If you go Robert pick me up on the way, I've been meaning to get down to David's place for awhile now! Tony

Reactions: Like 2 | Agree 1


----------



## Nubsnstubs (Jan 22, 2018)

Robert, all that stuff you want to remove is/are features.... Leave it in there.. ................. Jerry (in Tucson)

Reactions: Thank You! 1


----------



## chippin-in (Jan 22, 2018)

David Hill said:


> I use Mesquite—-A LOT! Go ahead, turn as big as you can.
> I _never _worry about the pith. The grub holes just make for fill opportunities.
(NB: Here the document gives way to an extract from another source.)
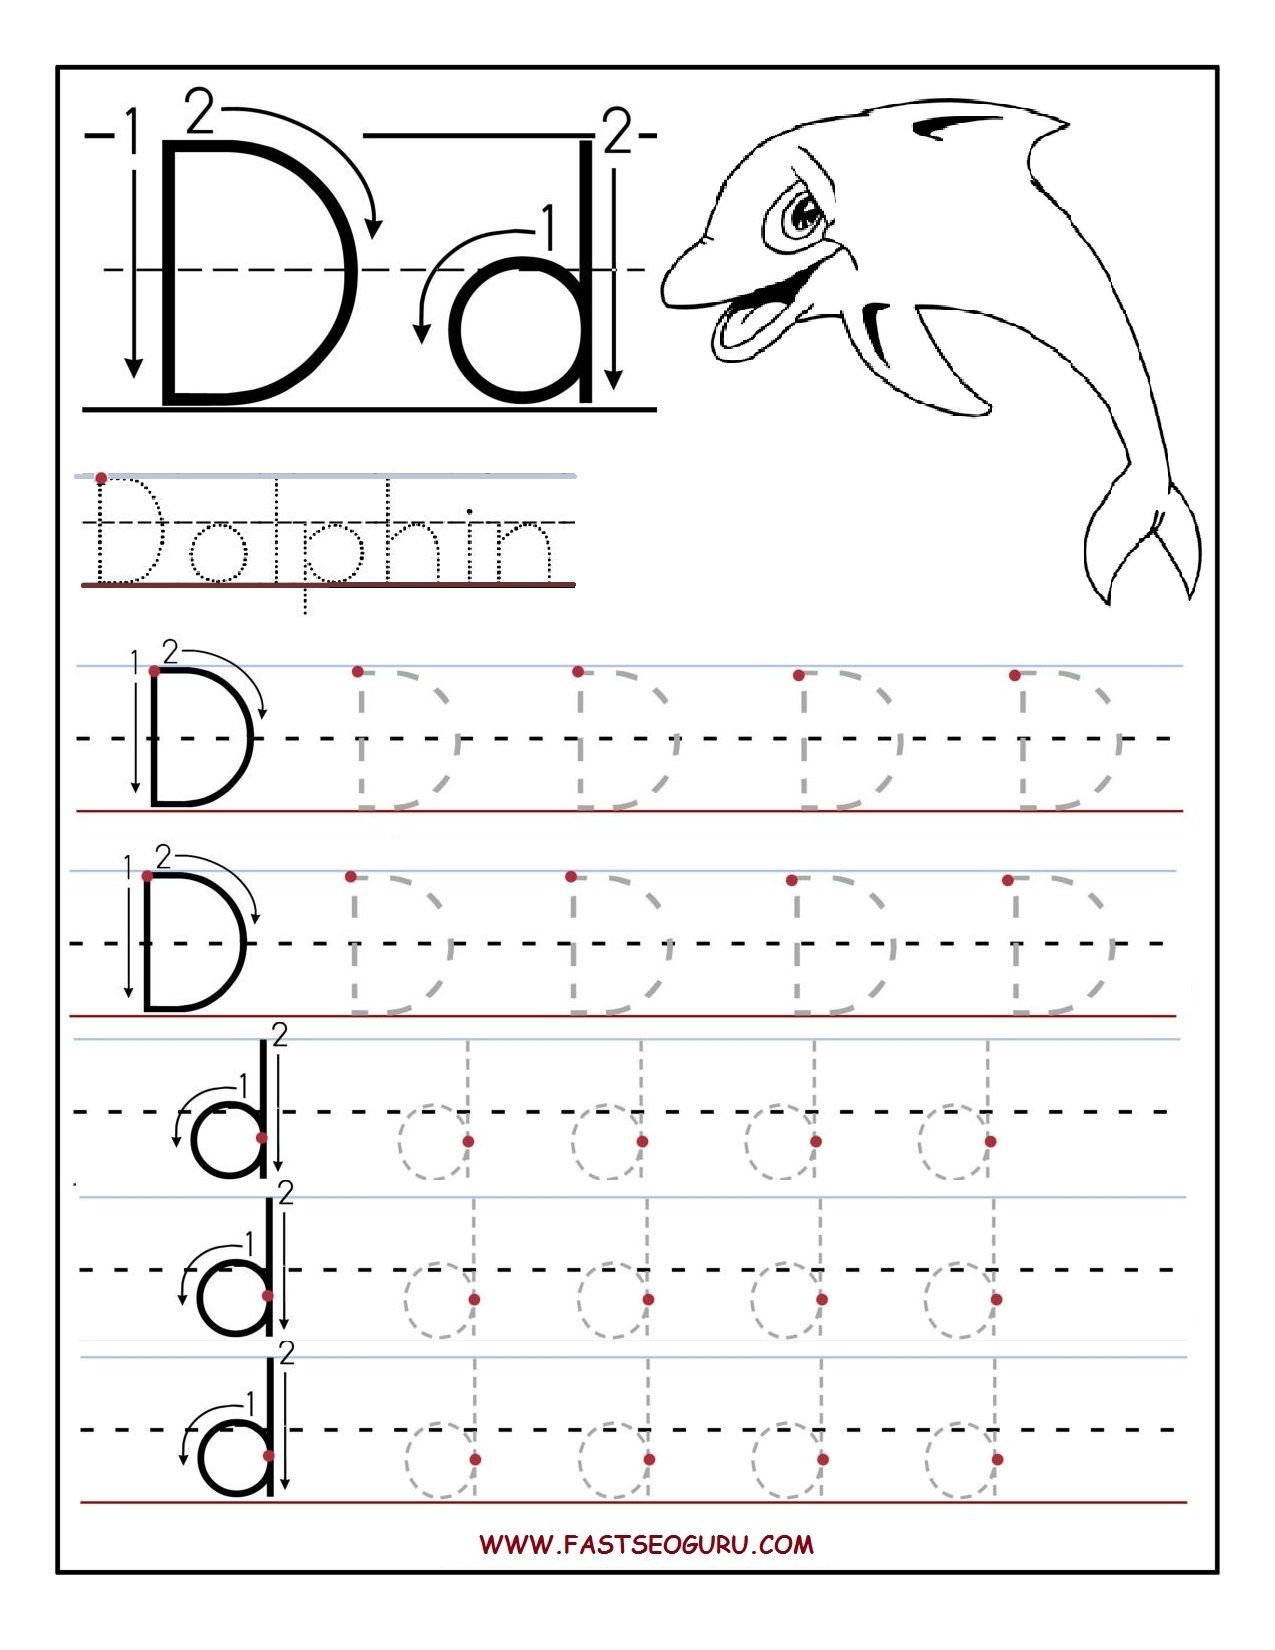 Printable Letter D Tracing Worksheets For Preschool 9A1 Alphabet

He’s right about the wood not moving.
> If it’s really dry, you’ll get a lot of dust, not so much curlies.
> If you need more ‘skeet experience— come visit





David Hill said:


> I use Mesquite—-A LOT! Go ahead, turn as big as you can.
> I _never _worry about the pith. The grub holes just make for fill opportunities. He’s right about the wood not moving.
> If it’s really dry, you’ll get a lot of dust, not so much curlies.
> If you need more ‘skeet experience— come visit!
> (I’ve got plenty)



Thanks David, I may have to get with @Sheriff and make a road trip in the near future.

Robert


----------



## David Hill (Jan 26, 2018)

chippin-in said:


> Thanks David, I may have to get with @Sheriff and make a road trip in the near future.
> 
> Robert



I'll be waiting.

Reactions: Like 1


----------